Rôles et mécanismes d’action potentiels des métalloprotéases matricielles (MMP) dans la physiopathologie du système nerveux central. 1. Rupture de la barrière hématoencéphalique (BHE) et infiltration de leucocytes : les MMP participent à la réponse inflammatoire dans le cerveau ainsi qu’aux interactions neurones/cellules gliales, en contrôlant l’activité des cytokines (membres de la famille du TNF, tumor necrosis factor, et interleukines), des molécules d’adhérence cellulaire (CAM) et des chimiokines (fractalkine). Les MMP fragilisent la BHE et facilitent l’infiltration de leucocytes (macrophages, lymphocytes T, polynucléaires neutrophiles…), qui participent à la réponse neuro-inflammatoire. 2. Déstabilisation de la matrice extracellulaire (MEC), des interactions avec le cytosquelette et des interactions cellule-cellule : une activité métalloprotéase non contrôlée déstabilise la matrice extracellulaire et altère les interactions cellule-matrice et protéines d’adhérence (CAM)-cytosquelette pour induire la mort neuronale. Inversement, l’inactivation par protéolyse de facteurs d’apoptose comme FasL (ligand de Fas) a des effets neuroprotecteurs. 3. Démyélinisation : les MMP dégradent la protéine basique de la myéline, substrat des MMP-1, -2, -3, -7 et -9. Cette activité métalloprotéase au niveau des oligodendrocytes contribuerait au processus pathologique dans la sclérose en plaques. 4. Plaques séniles : une activité réduite des MMP peut contribuer à des processus de fibrose provoqués par l’accumulation de substrats toxiques, comme le peptide β-amyloïde des plaques séniles de la maladie d’Alzheimer. L’accumulation du peptide serait facilitée par une augmentation des concentrations de TIMP-1 (tissue inhibitors of metalloproteinases-1) et une activation moindre de la MMP-9 (accumulée sous sa forme latente). 5. Croissance dendro-axonique, plasticité neuronale : les MMP participent à la croissance des neurites, à l’axogenèse, au guidage des cônes de croissance dans l’environnement matriciel, au cours du développement ou dans la plasticité réactive.

Dans le texte
thumbnail Figure 2.

Augmentation de l’activité métalloprotéase nette, visualisée par zymographie in situ après convulsions épileptiques et ischémie cérébrale. La technique de zymographie in situ consiste à appliquer sur des coupes fraîches de tissu cérébral de la gélatine (substrat des gélatinases endogènes) couplée à la fluorescéine piégée.
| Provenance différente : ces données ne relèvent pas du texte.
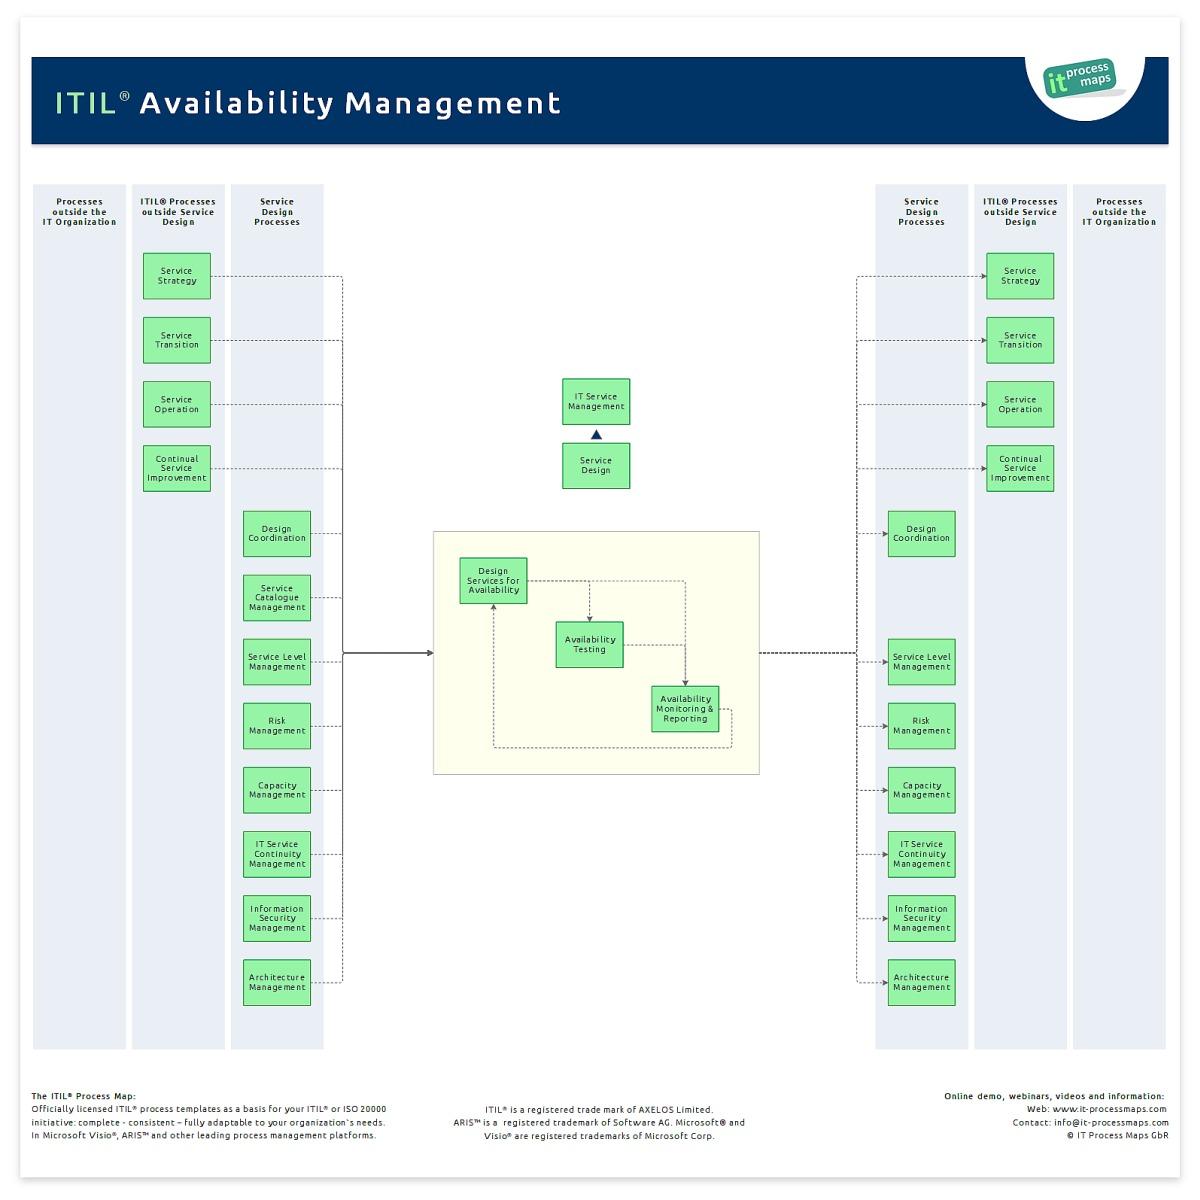 Bodegakual availability management process diagram availability management process diagram pooptronica

Lorsque les MMP des cellules clivent ce substrat, la fluorescéine est libérée et visualisée au microscope. L’intensité du signal fluorescent augmente avec l’activité protéolytique nette, résultante de l’équilibre entre protéases et inhibiteurs endogènes. A. Activité gélatinolytique constitutive dans l’hippocampe de rat témoin. B. Une hyperactivité neuronale (crises épileptiques) provoque une augmentation de l’activité gélatinolytique nette dans l’hippocampe de rat, 6 heures après l’injection d’un agent convulsivant, le kaïnate. C. L’activité gélatinolytique est inhibée par un inhibiteur de métalloprotéases, la phénanthroline. D. Activité gélatinolytique constitutive dans l’aire CA1 de l’hippocampe d’un rat témoin non ischémié (chirurgie identique aux rats ischémiés). E. Trois jours après une ischémie globale transitoire, on observe une augmentation importante de l’activité gélatinolytique associée, d’une part, aux neurones pyramidaux (p) en cours de dégénérescence et, d’autre part, aux cellules gliales réactives facilement repérées à l’extérieur de la couche de neurones pyramidaux, dans le strata oriens (so) et radiatum (sr). On notera également une activité gélatinolytique importante dans les vaisseaux sanguins (flèches rouges), probablement en relation avec une fragilisation de la barrière hématoencéphalique. Échelle : A-C, 100 µm ; D, E, 200 µm (D et E, d’après [9]).